1. Русская классика
  2. Толстой Л. Н.
  3. Отец Сергий
  4. Глава 7

Отец Сергий

1898

VII

Отец Сергий уже несколько недель жил с одной неотступною мыслью: хорошо ли он делал, подчиняясь тому положению, в которое он не столько сам стал, сколько поставили его архимандрит и игумен. Началось это после выздоровевшего четырнадцатилетнего мальчика, с тех пор с каждым месяцем, неделей, днем Сергий чувствовал, как уничтожалась его внутренняя жизнь и заменялась внешней. Точно его выворачивали наружу.

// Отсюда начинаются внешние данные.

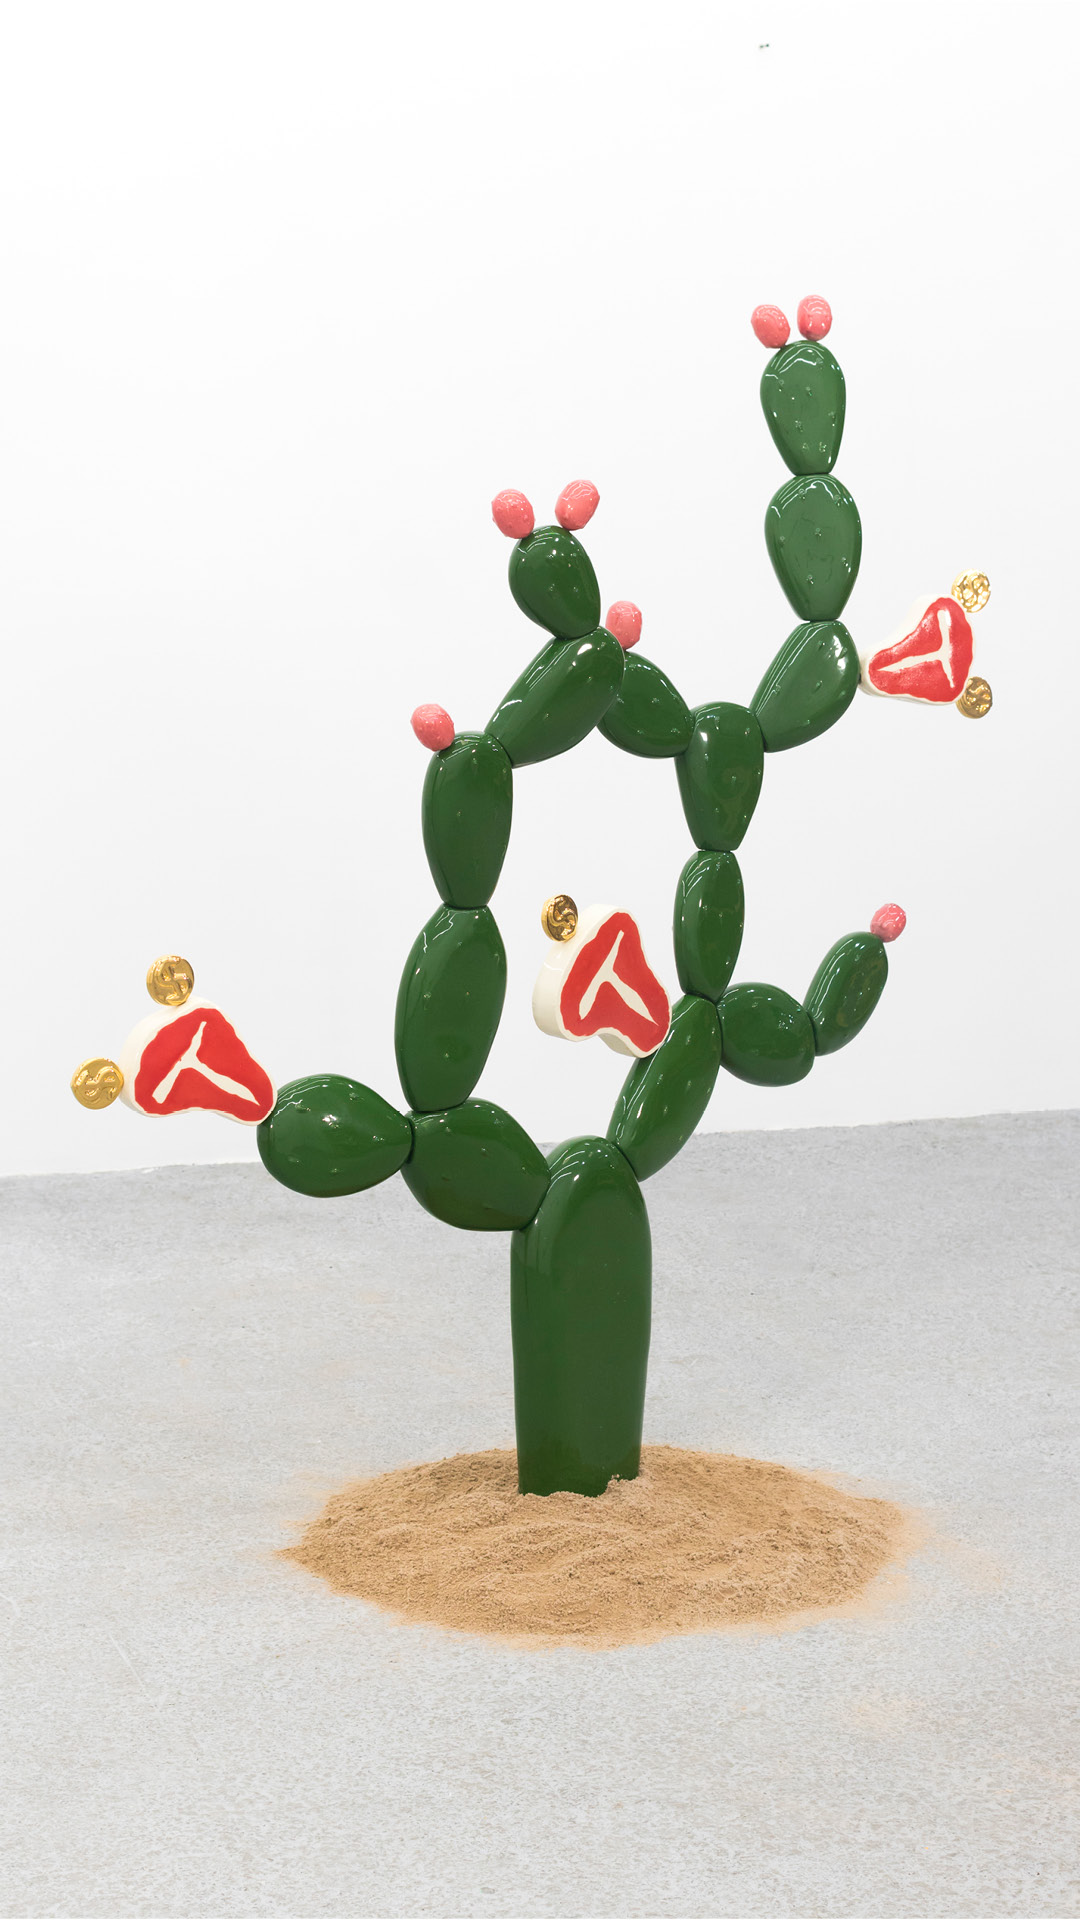 A sculpture of a cactus growing raw steaks and gold coins is displayed in a small pile of sand

Сергий видел, что он был средством привлечения посетителей и жертвователей к монастырю и что потому монастырские власти обставляли его такими условиями, в которых бы он мог быть наиболее полезен. Ему, например, не давали уже совсем возможности трудиться. Ему припасали всё, что ему могло быть нужно, и требовали от него только того, чтобы он не лишал своего благословения тех посетителей, которые приходили к нему. Для его удобства устроили дни, в которые он принимал. Устроили приемную для мужчин и место, огороженное перилами так, что его не сбивали с ног бросавшиеся к нему посетительницы, — место, где он мог благословлять приходящих.

Если говорили, что он нужен был людям, что, исполняя закон Христов любви, он не мог отказывать людям в их требовании видеть его, что удаление от этих людей было бы жестокостью, он не мог не соглашаться с этим, но, по мере того как он отдавался этой жизни, он чувствовал, как внутреннее переходило во внешнее, как иссякал в нем источник воды живой, как то, что он делал, он делал всё больше и больше для людей, а не для бога.

Говорил ли он наставления людям, просто благословлял ли, молился ли о болящих, давал ли советы людям о направлении их жизни, выслушивал ли благодарность людей, которым он помог либо исцелением, как ему говорили, либо поучением, он не мог не радоваться этому, не мог не заботиться о последствиях своей деятельности, о влиянии ее на людей. Он думал о том, что он был светильник горящий, и чем больше он чувствовал это, тем больше он чувствовал ослабление, потухание божеского света истины, горящего в нем. «Насколько то, что я делаю, для бога и насколько для людей?» — вот вопрос, который постоянно мучал его и на который он никогда не то что не мог, но не решался ответить себе. Он чувствовал в глубине души, что дьявол подменил всю его деятельность для бога деятельностью для людей. Он чувствовал это потому, что как прежде ему тяжело было, когда его отрывали от его уединения, так ему тяжело было его уединение. Он тяготился посетителями, уставал от них, но в глубине души он радовался им, радовался тем восхвалениям, которыми окружали его.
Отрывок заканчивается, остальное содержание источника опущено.